Reconfiguring your table data

Posted: Thu Sep 28, 2006 12:02 pm
by MrPotatoes
in C++ there are little things that you can do to speed up your system. alot don't work anymore due to compilers getting awesomer and awesomer.

for instance within your header file you would define your class's members from smallest to largest and have a buffer if needed. this can drastically speed up the system. that is just one thing.

well, what about in databases.

i've made a forum and there are categories and subcategories and perhaps they look like this:

Code: Select all

ROOT
	|
	+--	PARENT_CATEGORY_0 (1)
	|		+--- SUB_CATEGORY_0 (1)
	|		+--- SUB_CATEGORY_1 (1)
	|		+--- SUB_CATEGORY_2 (1)
	+--	PARENT_CATEGORY_1 (2)
	|		+--- SUB_CATEGORY_0 (2)
	|		+--- SUB_CATEGORY_1 (2)
	|		+--- SUB_CATEGORY_2 (2)
	+--	PARENT_CATEGORY_2 (3)
			+--- SUB_CATEGORY_0 (3)
			+--- SUB_CATEGORY_1 (3)
			+--- SUB_CATEGORY_2 (3)

we all understand that you can create, modify, remove categories at will cuz otherwise that would be lame to have it hard coded.

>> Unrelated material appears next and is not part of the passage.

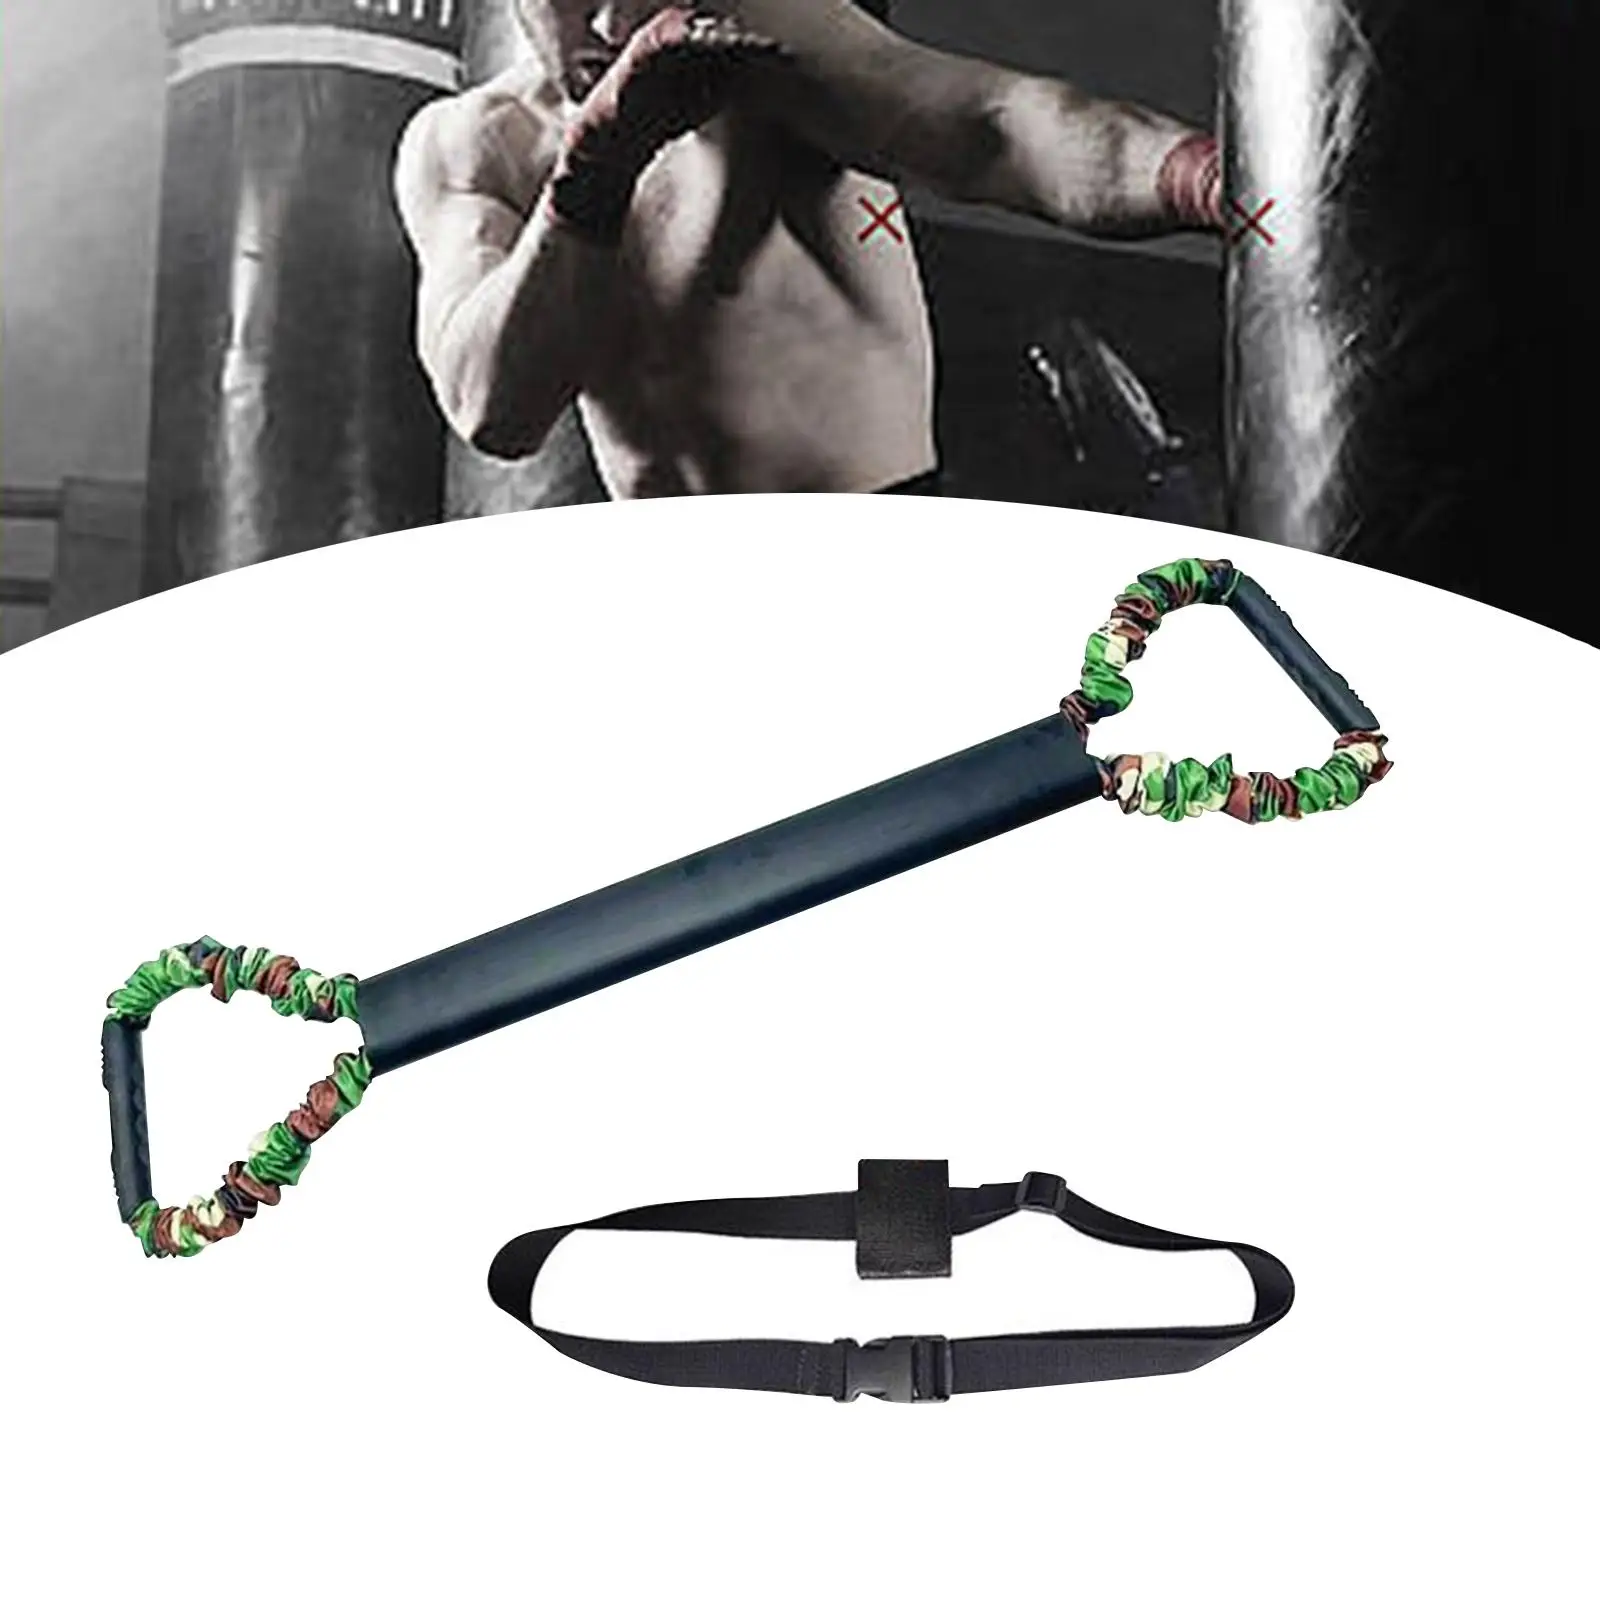 Boxing Resistance Band Workout Equipment Strength Training Exercise Band Pulling Rope for Shadow Boxing Mma Legs Arm Women Men

therefore the parent category's ID and parent_id would change (this is how i do categories btw) and i put them into the same table as the sub categories. some people don't agree but that's ok. that's what's awesome about programming no?

well, say it's been 5 years using this software and you've got parent category id's that range from 10-300,000. you've added and changed and deleted and moved and switched orders and all that pizzazy crap. well, that means that these things aren't in order.

thusly it would look like this:

Code: Select all

ROOT
	|
	+--	PARENT_CATEGORY_0 (890)
	|		+--- SUB_CATEGORY_0 (890)
	|		+--- SUB_CATEGORY_1 (890)
	|		+--- SUB_CATEGORY_2 (890)
	+--	PARENT_CATEGORY_1 (78)
	|		+--- SUB_CATEGORY_0 (78)
	|		+--- SUB_CATEGORY_1 (78)
	|		+--- SUB_CATEGORY_2 (78)
	+--	PARENT_CATEGORY_2 (300000)
			+--- SUB_CATEGORY_0 (300000)
			+--- SUB_CATEGORY_1 (300000)
			+--- SUB_CATEGORY_2 (300000)
what if perhaps you wrote a script that reorganized your table so that all the ID's (and post's relating to those ID's were changed as well) so that everything is back to order? would that speed things up in a db? i'm guessing it would because it wouldn't have to count as much but still. every little improvement counts IMO

remember, think of this in terms of the categories being tens deep (Children) and and possibly thousands tall (Parents)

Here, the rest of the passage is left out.